Please note that on ARM, ioremap_wc() gives what's termed in ARM ARM
speak "normal memory, non-cacheable" - which can be subject to speculation,
write combining, multiple accesses, etc.  The important point is that
such mapping is not suitable for device registers, but is suitable for
device regions that have "memory like" properties (iow, a chunk of RAM,
like video drivers.)  It does support unaligned accesses.

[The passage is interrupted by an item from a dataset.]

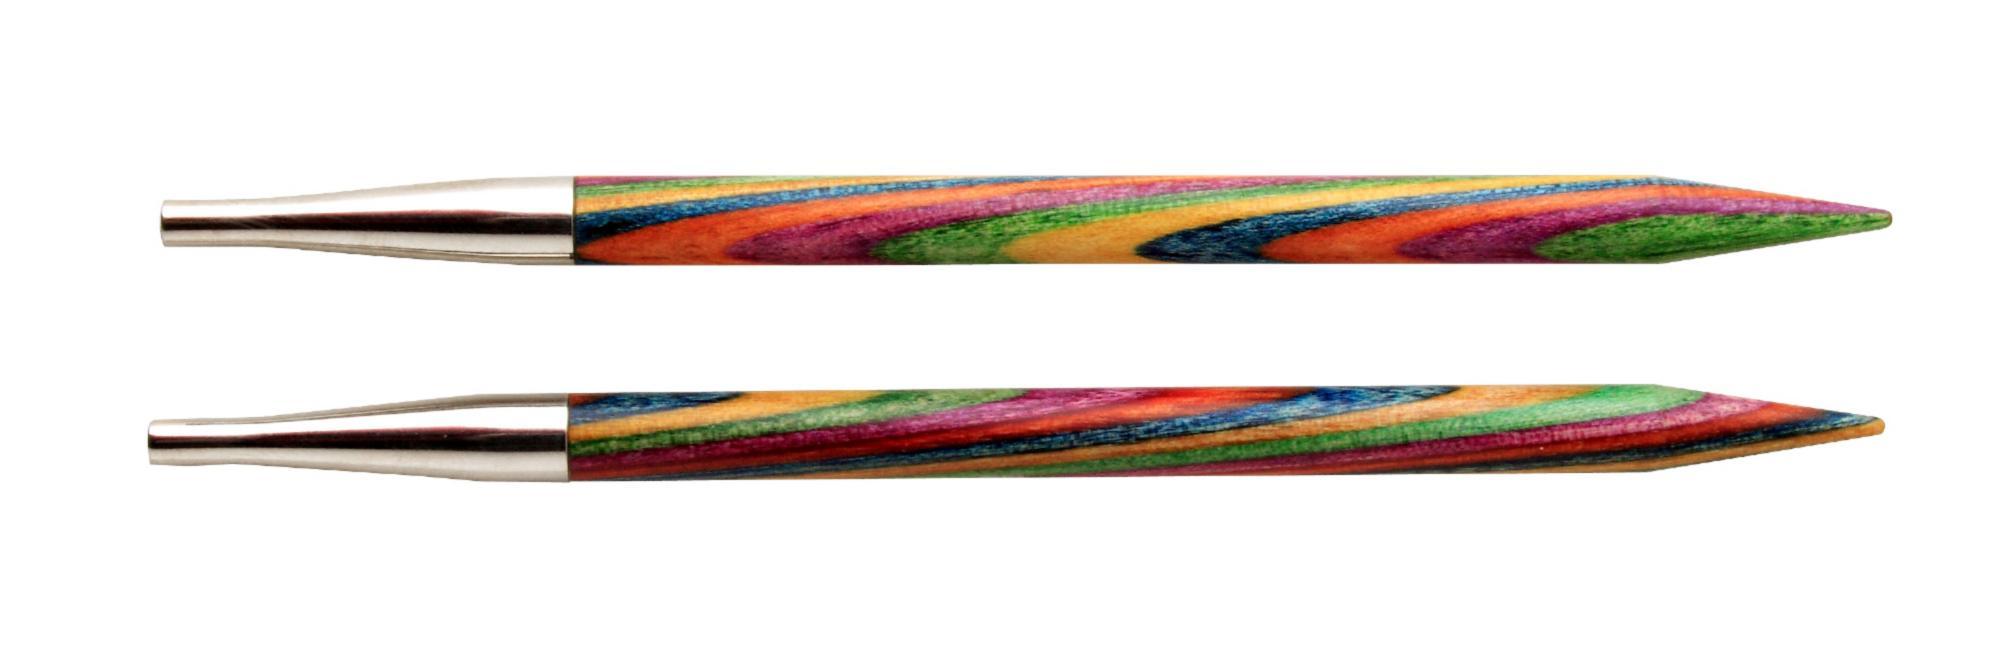 Спицы съемные Symfonie Wood KnitPro, 20416, 3.25 мм
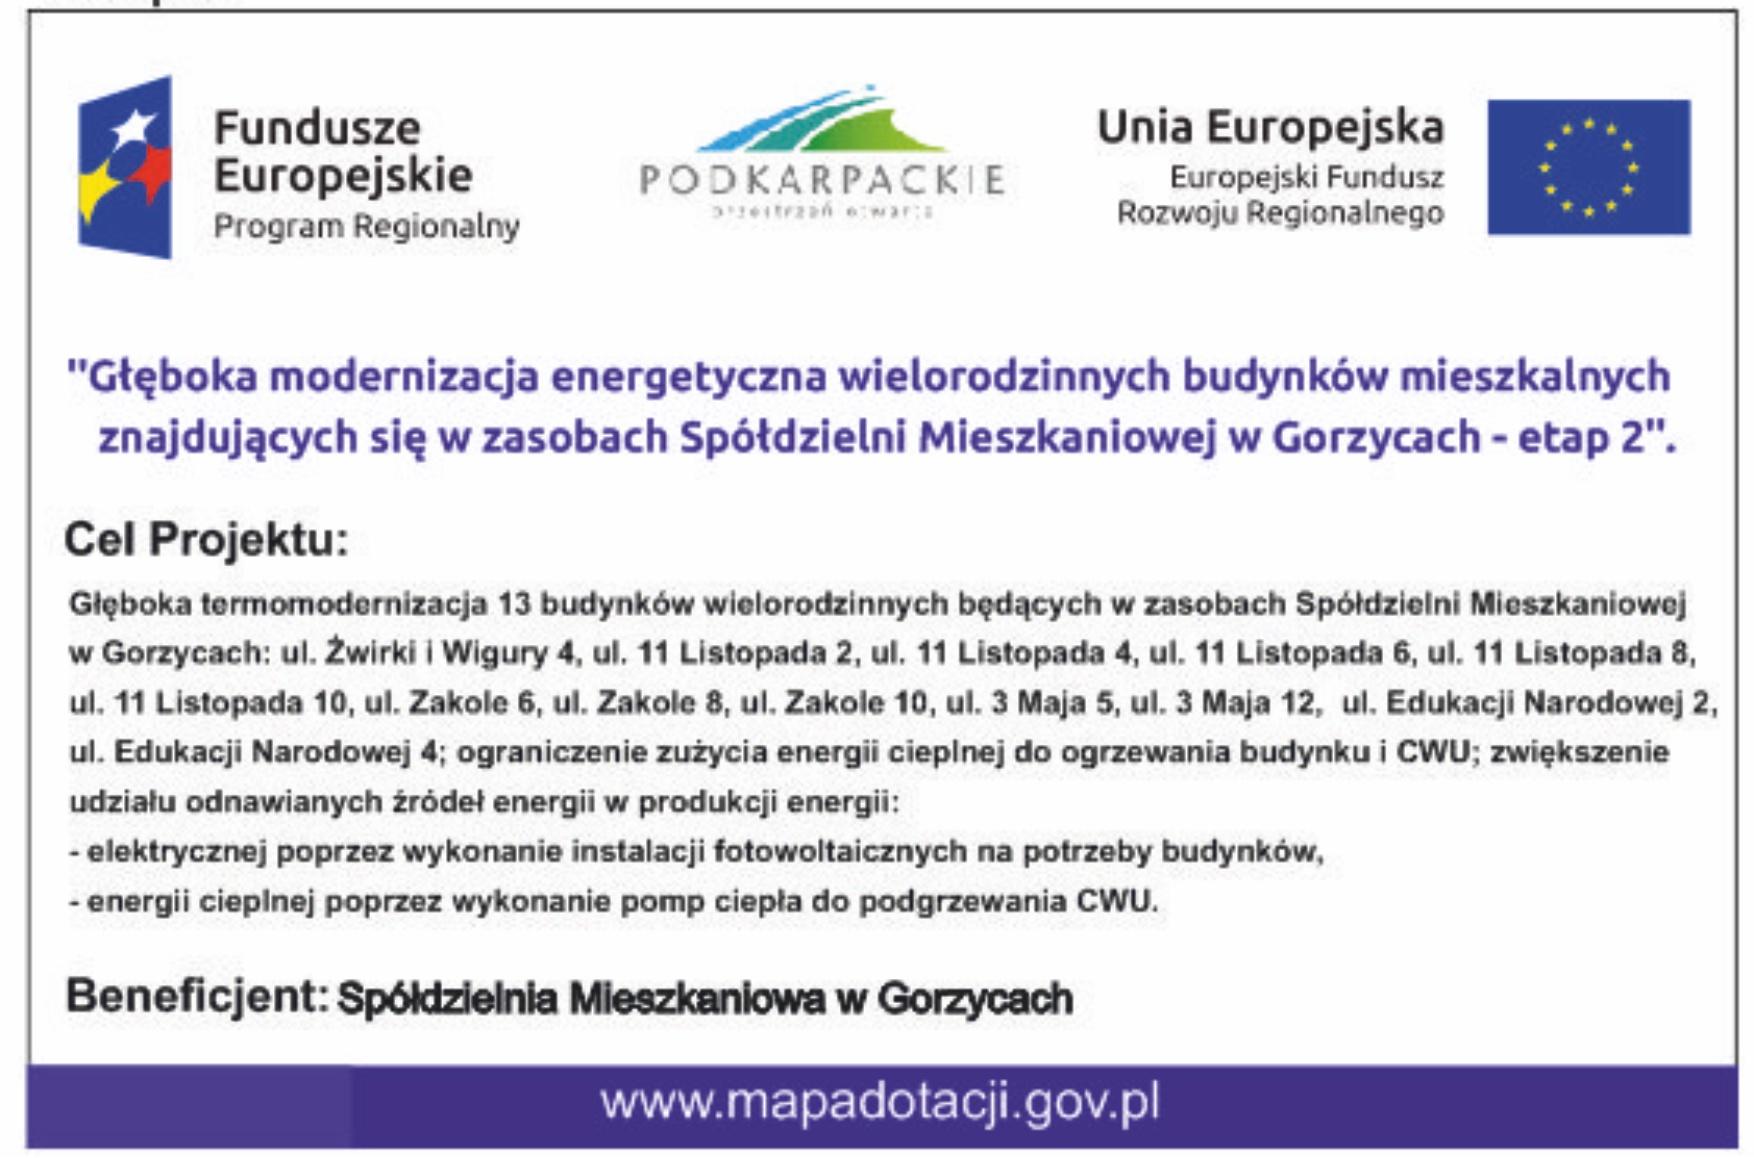 Głęboka modernizacja energetyczna wielorodzinnych budynków mieszkalnych znajdujących się w zasobach Spółdzielni Mieszkaniowej w Gorzycach – etap 2

> Because of these grammatical issues and the issues with
> unaligned access with ARM I think its important we put some effort
> to care a bit more about defining clear semantics through grammar
> for new APIs or as we rewrite APIs. We have tools to do this these
> days, best make use of them.

I'm in support of anything which more clearly specifies the requirements
for these APIs.

> While we're at it and reconsidering all this, a few items I wish for
> us to address as well then, most of them related to grammar, some
> procedural clarification:
> 
>   * Document it as not supported to have overlapping ioremap() calls.
>     No one seems to have a clue if this should work, but clearly this
>     is just a bad idea. I don't see why we should support the complexity
>     of having this. It seems we can write grammar rules to prevent this.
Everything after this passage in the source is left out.